My next question is that if I continue to use AMDuProf, could I simply replace use mpi_f08 with use mpi? I tried it but temporarily met some errors. Now I'm trying to fix it.

njansson commented 3 months ago

Neko uses 'mpi_f08', which seems to confuse certain profilers. I would suggest to try the tools on your smaller examples using the f08 mpi module as a first step.

Thanks for your response. Following your suggestions, I tried to compile different small examples and found out that use mpi_f08 may be the reason for my error. I write a small hello world code using mpi. By replacing use mpi with use mpi_f08, AMDuProf couldn't work.

My next question is that if I continue to use AMDuProf, could I simply replace use mpi_f08 with use mpi? I tried it but temporarily met some errors. Now I'm trying to fix it.

In principle yes, but it would need quite some changes in I/O routines. For testing, we do have a branch (https://github.com/ExtremeFLOW/neko/tree/fix/legacy_usempi) with use mpi,it more or less follow develop, thus quite different from v0.6.1, but can probably be used as a reference.

sumuzhe317 commented 3 months ago

Neko uses 'mpi_f08', which seems to confuse certain profilers. I would suggest to try the tools on your smaller examples using the f08 mpi module as a first step.

Thanks for your response. Following your suggestions, I tried to compile different small examples and found out that use mpi_f08 may be the reason for my error. I write a small hello world code using mpi.
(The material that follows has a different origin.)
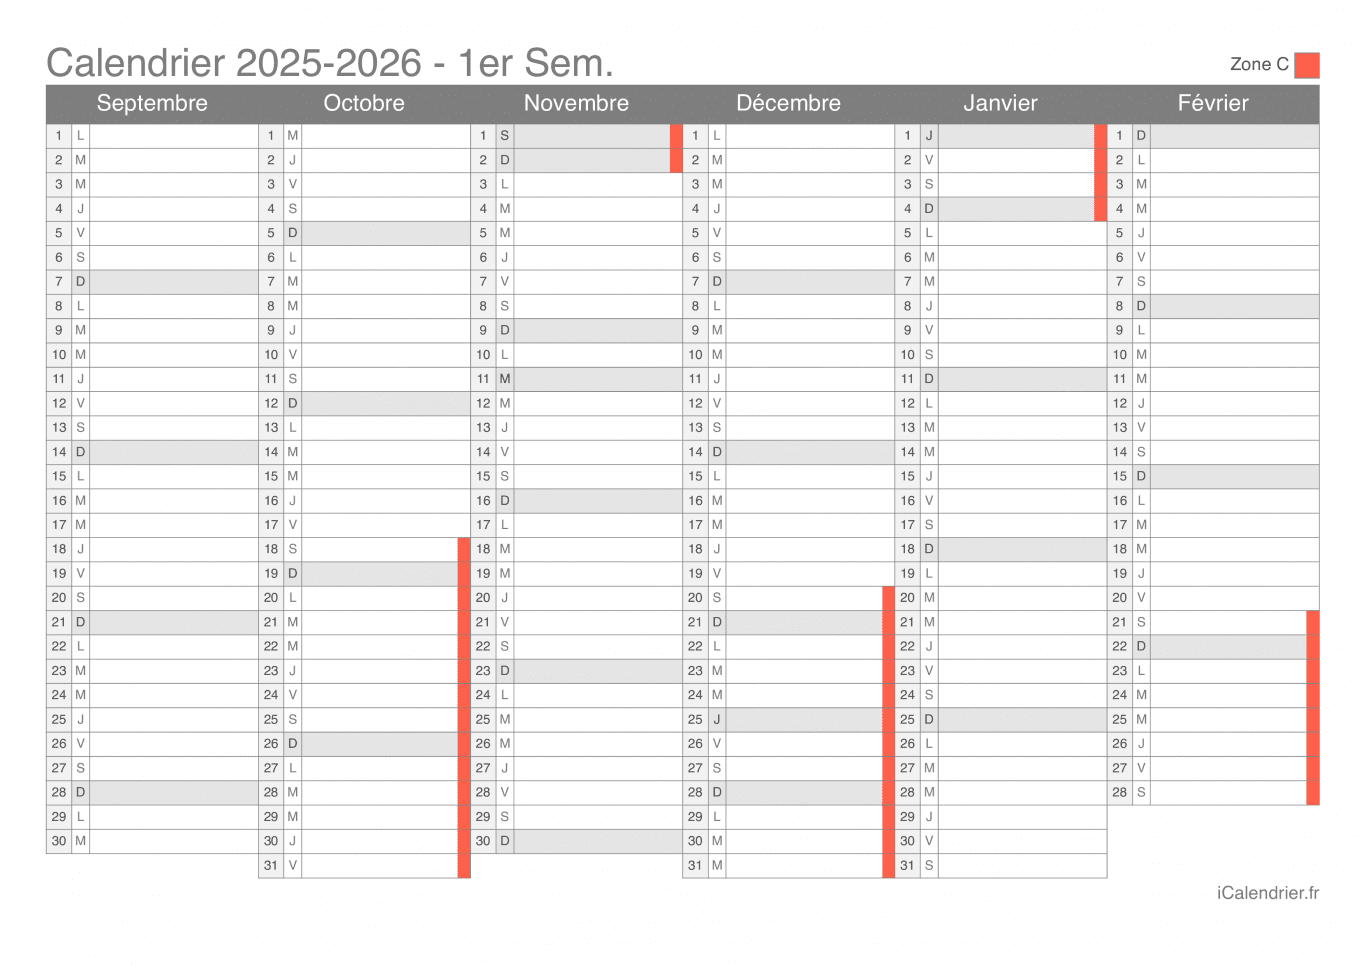 Calendrier des vacances scolaires 2025-2026 par semestre de la zone C

By replacing use mpi with use mpi_f08, AMDuProf couldn't work. My next question is that if I continue to use AMDuProf, could I simply replace use mpi_f08 with use mpi? I tried it but temporarily met some errors. Now I'm trying to fix it.

In principle yes, but it would need quite some changes in I/O routines. For testing, we do have a branch (https://github.com/ExtremeFLOW/neko/tree/fix/legacy_usempi) with use mpi,it more or less follow develop, thus quite different from v0.6.1, but can probably be used as a reference.

Thanks! I will try to follow your suggestions.

sumuzhe317 commented 3 months ago

@njansson I have tried more tools, for example, tau (https://www.cs.uoregon.edu/research/tau/home.php).

It doesn't work. I have emailed to AMD call for technique support.